1. **Plan the Feature**: Define requirements and API design
2. **Database Changes**: Add new models if needed
3. **Create Routes**: Add API endpoints in `src/routes/`
4. **Business Logic**: Add managers in `src/managers/` if complex
5. **Documentation**: Update relevant `.md` files
6. **Testing**: Test endpoints and integration

### Debugging Issues

1. **Check Logs**: Application logs show detailed error information
2. **Database State**: Verify data with database queries
3. **API Testing**: Use `/docs` interface for endpoint testing
4. **Agent Behavior**: Test individual agents separately

### Performance Optimization

1. **Database Queries**: Use SQLAlchemy query optimization
2. **Agent Execution**: Implement async patterns for agent orchestration
3. **Resource Management**: Monitor memory usage for large datasets

## 📊 System Architecture Overview

```mermaid
graph TD
    A[Frontend Request] --> B[FastAPI Router]
    B --> C[Route Handler]
    C --> D[Manager Layer]
    D --> E[Database Layer]
    D --> F[Agent System]
    F --> G[AI Models]
    G --> H[Code Generation]
    H --> I[Execution Environment]
    I --> J[Results Processing]
    J --> K[Response]
    
    subgraph "Agent Orchestration"
        F1[Individual Agents]
        F2[Planner Module]
        F3[Deep Analysis]
        F1 --> F2
        F2 --> F3
    end
    
    F --> F1
```

## 📈 Template Integration

The system uses **active user templates** for agent selection:

### Default Agents (Always Available)
- `preprocessing_agent` (individual & planner variants)
- `statistical_analytics_agent` (individual & planner variants)  
- `sk_learn_agent` (individual & planner variants)
- `data_viz_agent` (individual & planner variants)

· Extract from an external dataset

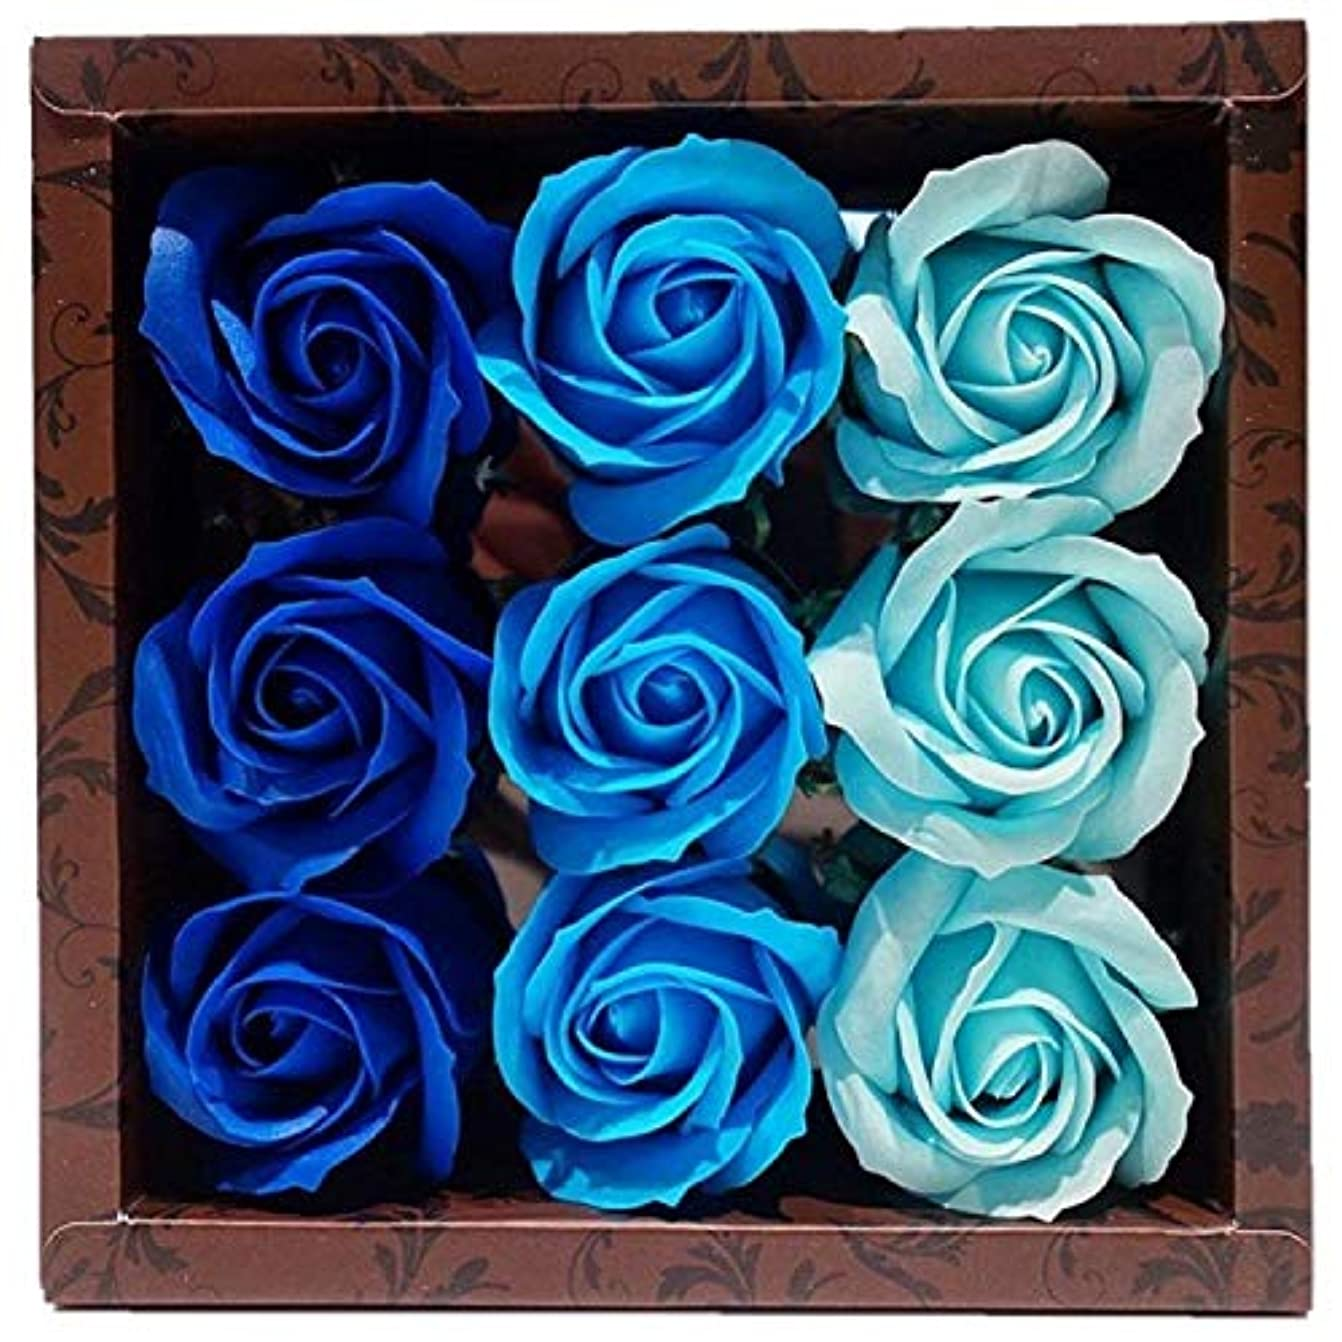 飾り羽流体否認するバスフレグランス バスフラワー ローズフレグランス ブルーカラー ギフト お花の形の入浴剤 ばら
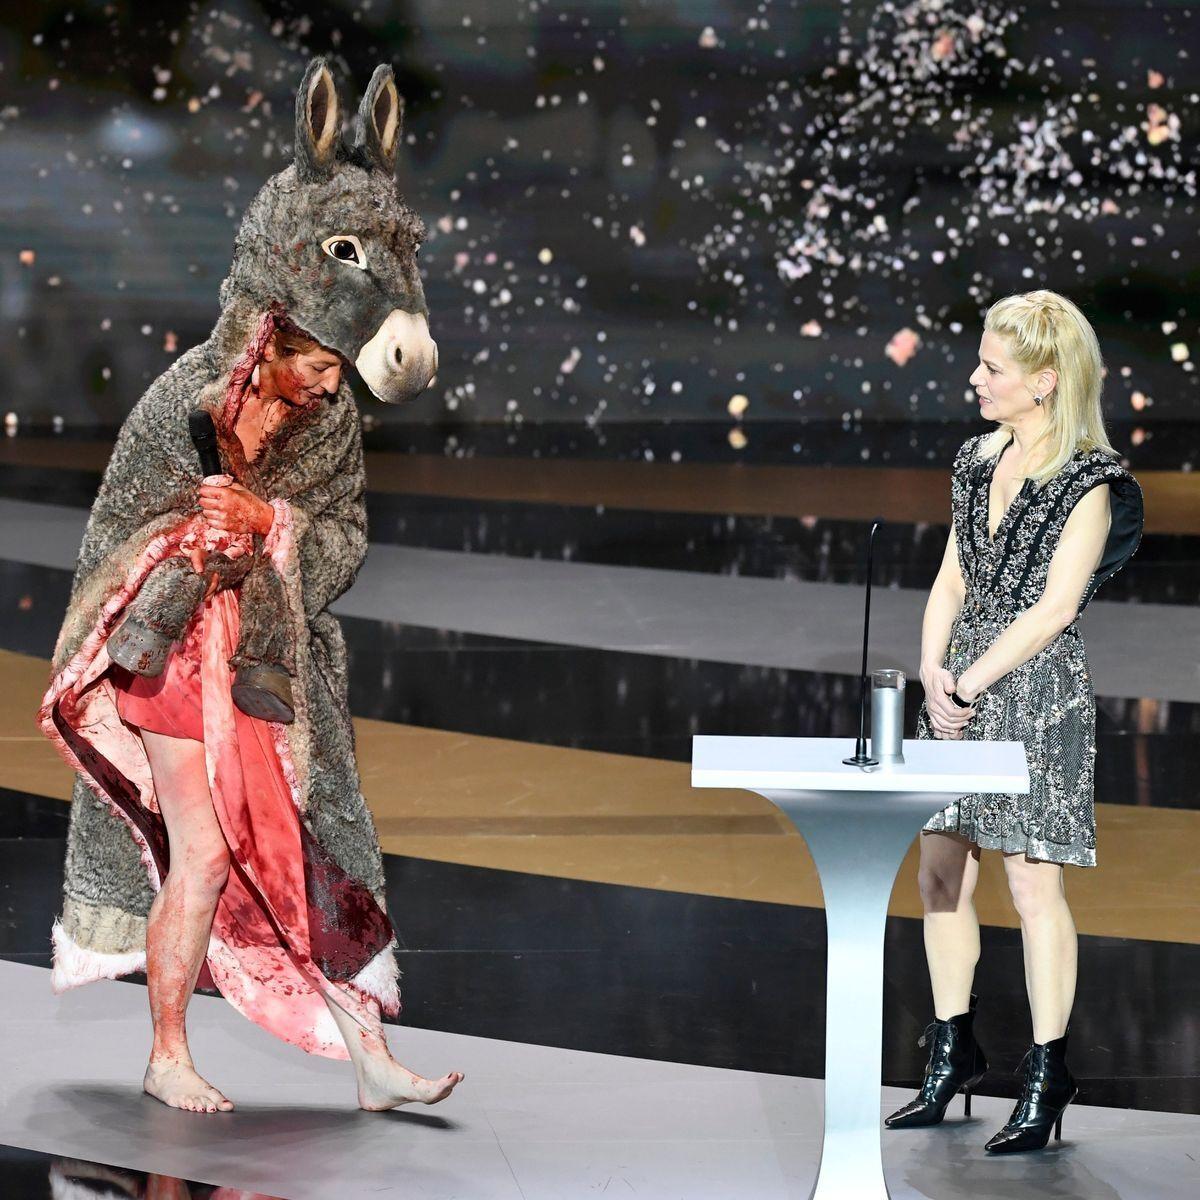 Корина Масьеро вышла на сцену в костюме осла и окровавленной раскраской.

### Template Loading Logic
1. **Individual Agent Execution** (`@agent_name`): Loads ALL available templates
2. **Planner Execution**: Loads user's enabled templates (max 10 for performance)
3. **Deep Analysis**: Uses user's active template preferences
4. **Fallback**: Uses 4 core agents if no user preferences found

This architecture ensures users can leverage their preferred agents while maintaining system performance and reliability.